The most common method for fitting models is the method of least squares. In this method, the model with the sum of the squares of the differences between the actual and predicted values of the criterion variable is minimized. This model does not always provide the best predictions, so variable selection methods may be employed to decide which independent variables to keep in the regression model. Stepwise regression systematically removes independent variables that may have little effect on the model. At each step of the process, the variable that has the t-value furthest from zero. A t-value close to zero has little effect on the model. Stepwise regression ends when removing additional independent variables from the model significantly reduces the overall efficacy of the model. A second method of variable selection is all possible regressions. This method builds all possible regression models from a group of independent variables and compares them to find the best model. Although these methods are popular among researchers, they may not necessarily find the best model. Stepwise and all possible regressions will be discussed in this chapter.
Multiple linear regression is an extensively used and flexible method for analyzing the relationship between quantitative dependent variables and one or more independent variables. The case of one independent variable and multiple independent variables is the main focus of this section. The steps to perform multiple linear regression are almost identical to those for simple linear regression. The difference lies in the number of independent variables and the methods used to select the most fitting model.
Multiple linear regression, or MLR, is a statistical method that allows for the analysis of the relationship between several independent variables and a single dependent variable. Multiple linear regression is an extension of simple linear regression used to predict an outcome based on one independent variable. It assumes a linear relationship between the predictor(s) and the criterion variable and attempts to find the best-fitting linear equation. Fitting the linear equation onto the data allows for predictions of the criterion variable, given the values of the predictors.
These are assumptions for all multiple regression analysis, but given that there are more predictors in multiple regression analysis, the errors made in the assumptions are more likely. Thus, it is important to check these assumptions for each predictor.

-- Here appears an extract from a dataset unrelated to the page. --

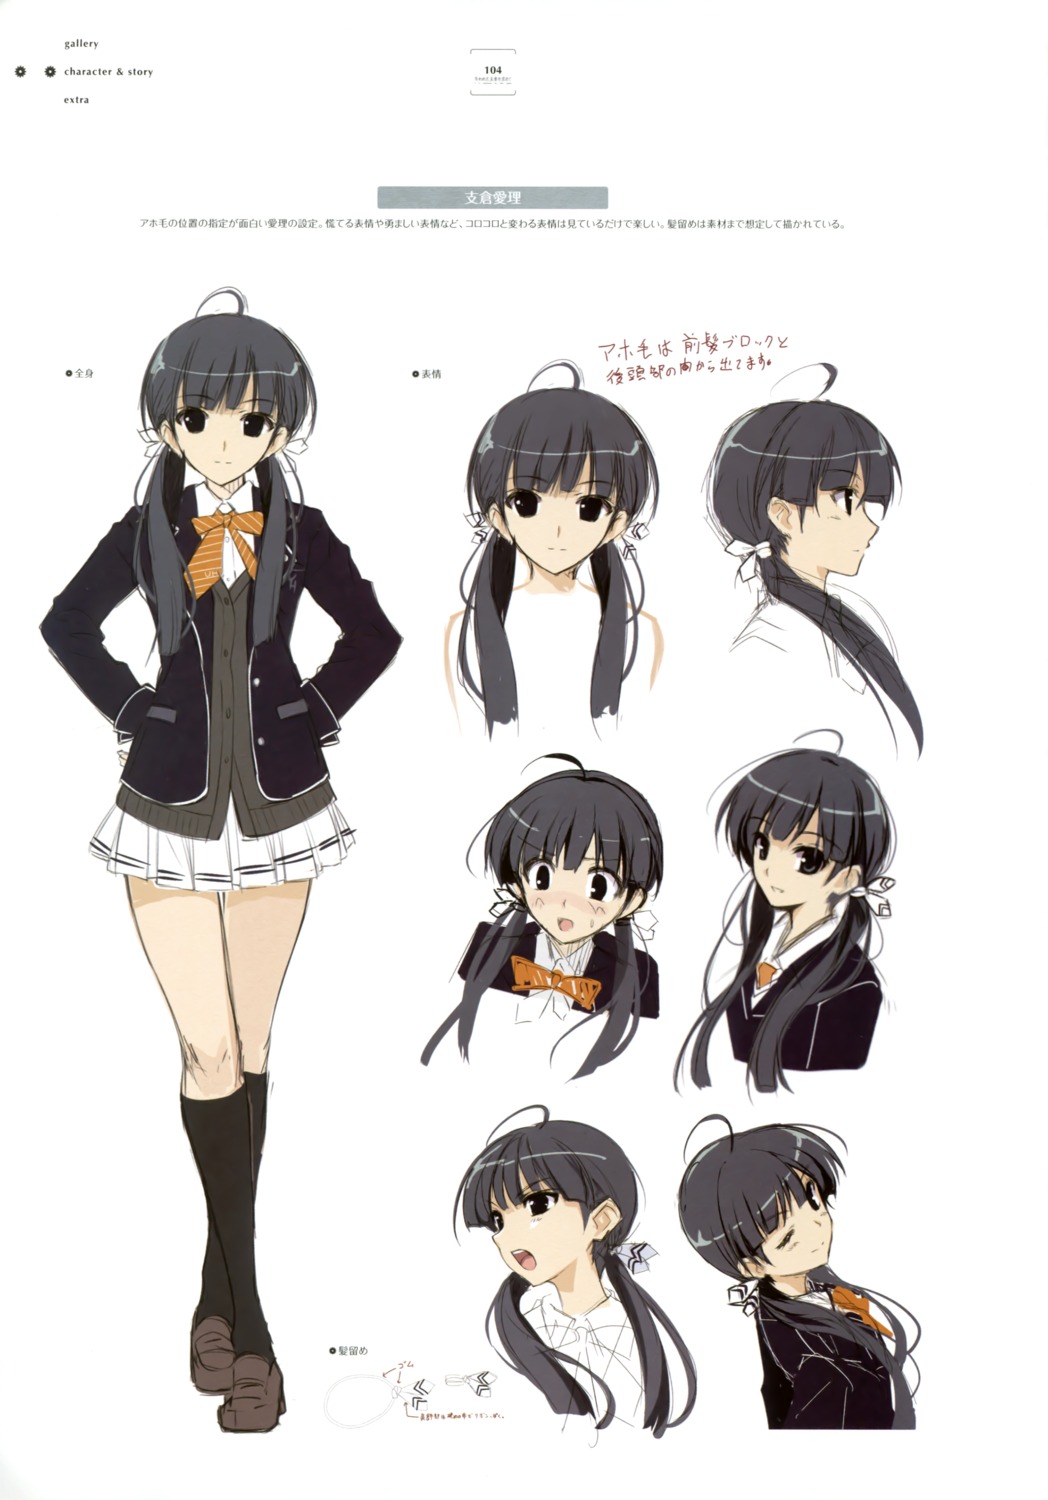 Ushinawareta Mirai Wo Motomete Character Design Seifuku Sketch me Yande Re

There are four assumptions for the multiple regression analysis:
(1) Linearity - the relationships between the predictors and the criterion are linear.
(2) No omitted confounder - this is an extension of the simple linear regression model assumption where we assume that the predictors will not perfectly correlate with a confounding variable.
(3) Normality - the residuals are normally distributed.
(4) Homoscedasticity - Dispersal of the predictors is equal at all levels of the predictors.
The assumptions of the multiple linear regression model are the same as the general linear regression model in that it is a set of additively combining regression models that seek to express the system under study. However, it is more specific for the multiple linear regression model.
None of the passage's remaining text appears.